After my struggles to get here, I’ve had a fun (working) weekend in the Bay Area. We held our first internal Hackathon event, where members of the AutoCAD Engineering organisation sat in a room and developed applications that work with AutoCAD. Food and drink was provided throughout the 4-day event – reducing the need for people to leave the room – and someone even brought a sleeping bag along and camped out in the lobby for Saturday night. The final submissions deadline is looming, in a few short hours, and then tomorrow there’ll be a series of demonstrations, showing (and ultimately judging) the results.
Some really fun applications were put together by individuals and teams over the weekend: hopefully at least some will result in apps on the Exchange Store and possibly even new product features (time will tell).

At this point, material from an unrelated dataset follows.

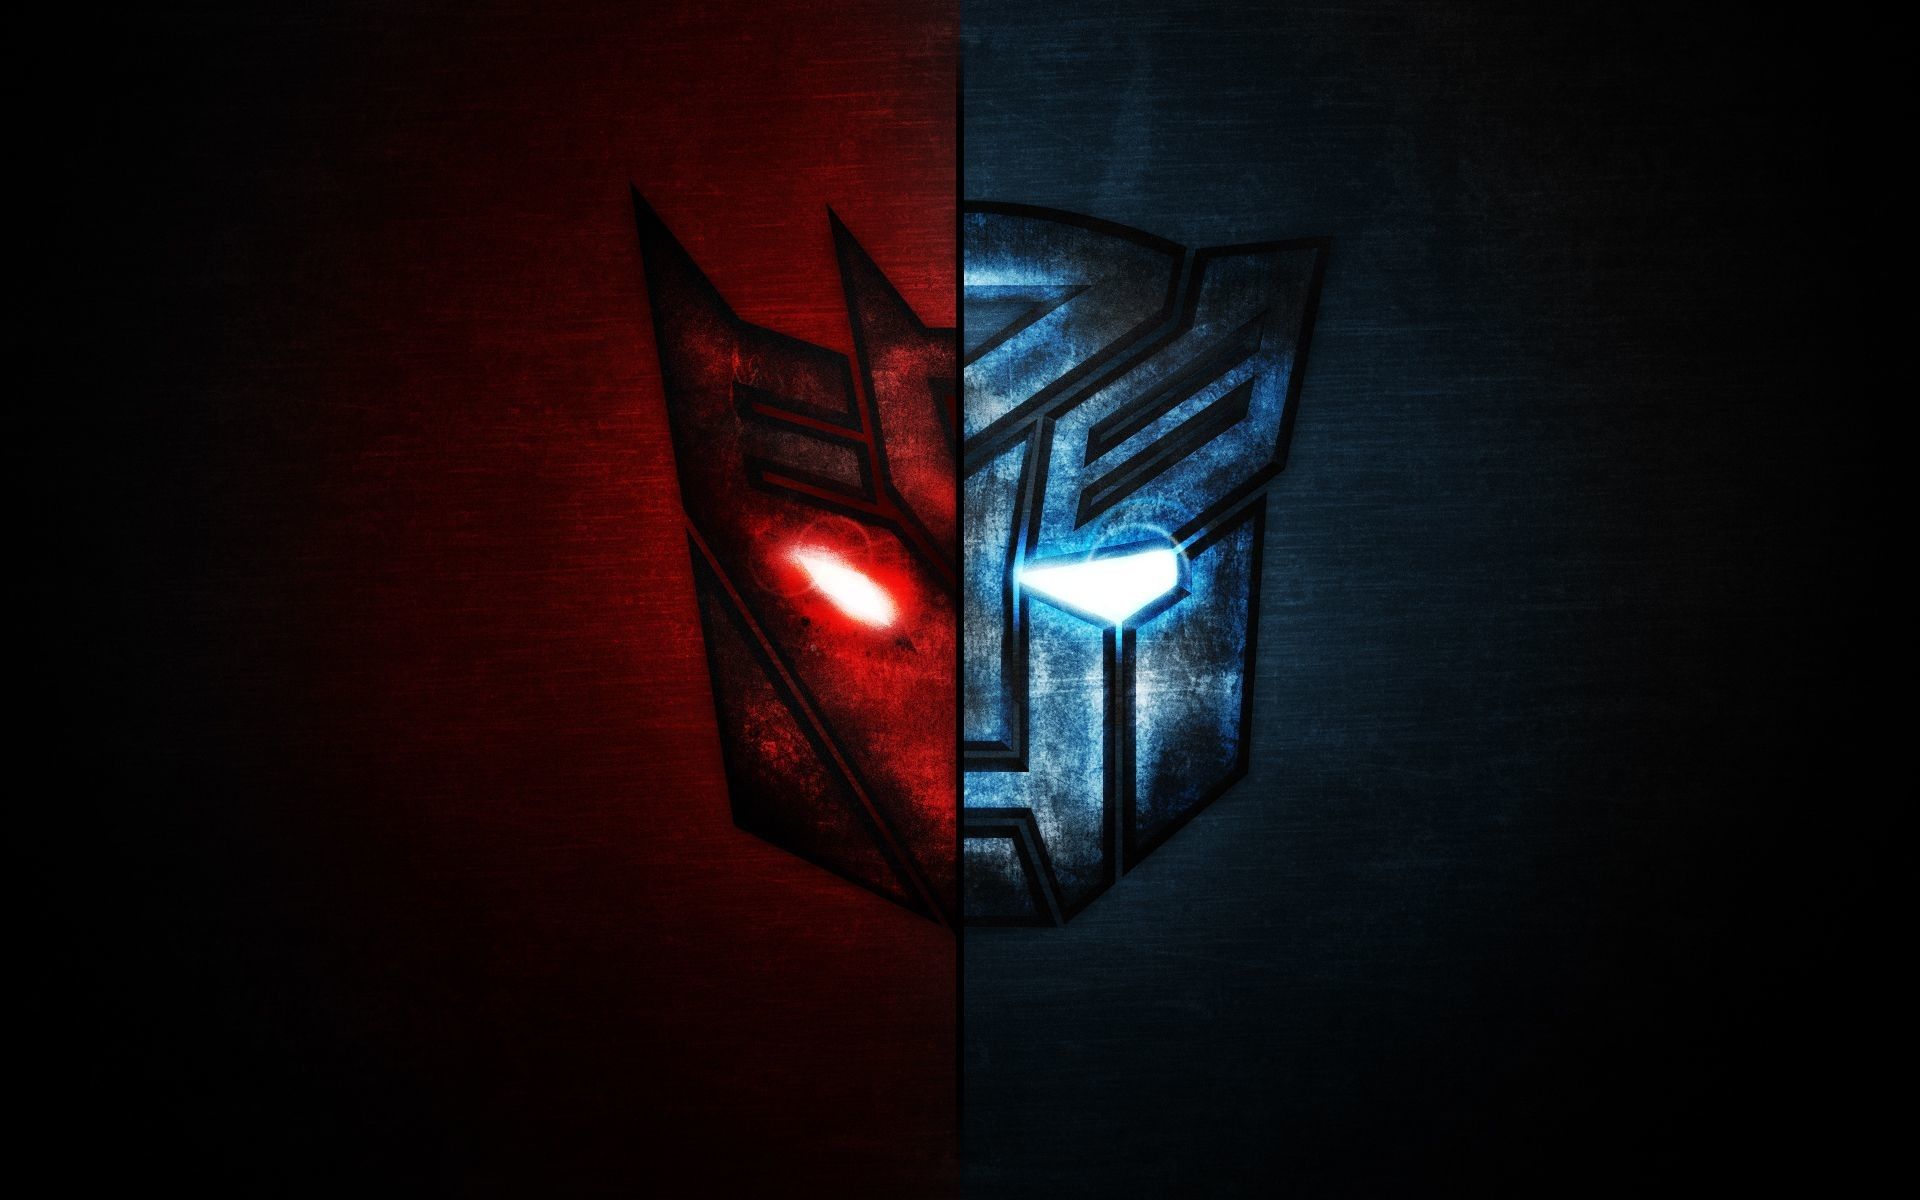 Autobot Wallpapers

I was mainly attending in a supporting role – helping answer questions about AutoCAD development for participants that had them – but I did get some time to work on some stuff of my own over the weekend. As I had managed to get my hands on my newly-purchased Kinect for Windows device, I did spend some time porting my Kinect samples to work with the v1 Kinect SDK, as well as working on some new capabilities.
The SDK has changed a fair amount between Beta 2 and the final release, so there was quite a lot to do (surprisingly). But much of the work that was done to the SDK simplifies the effort needed, so I ended up being able to strip out a fair amount of code, which is also nice.
Tomorrow I’ll be presenting an internal technical forum for members of my new organisation, where we go through some of the projects I’ve developed for this blog. I’m choosing some interesting areas – reality capture, NUIs and 3D printing – to give a sense for some of the side projects I’ve been working on over the last few years. It should be a fun session.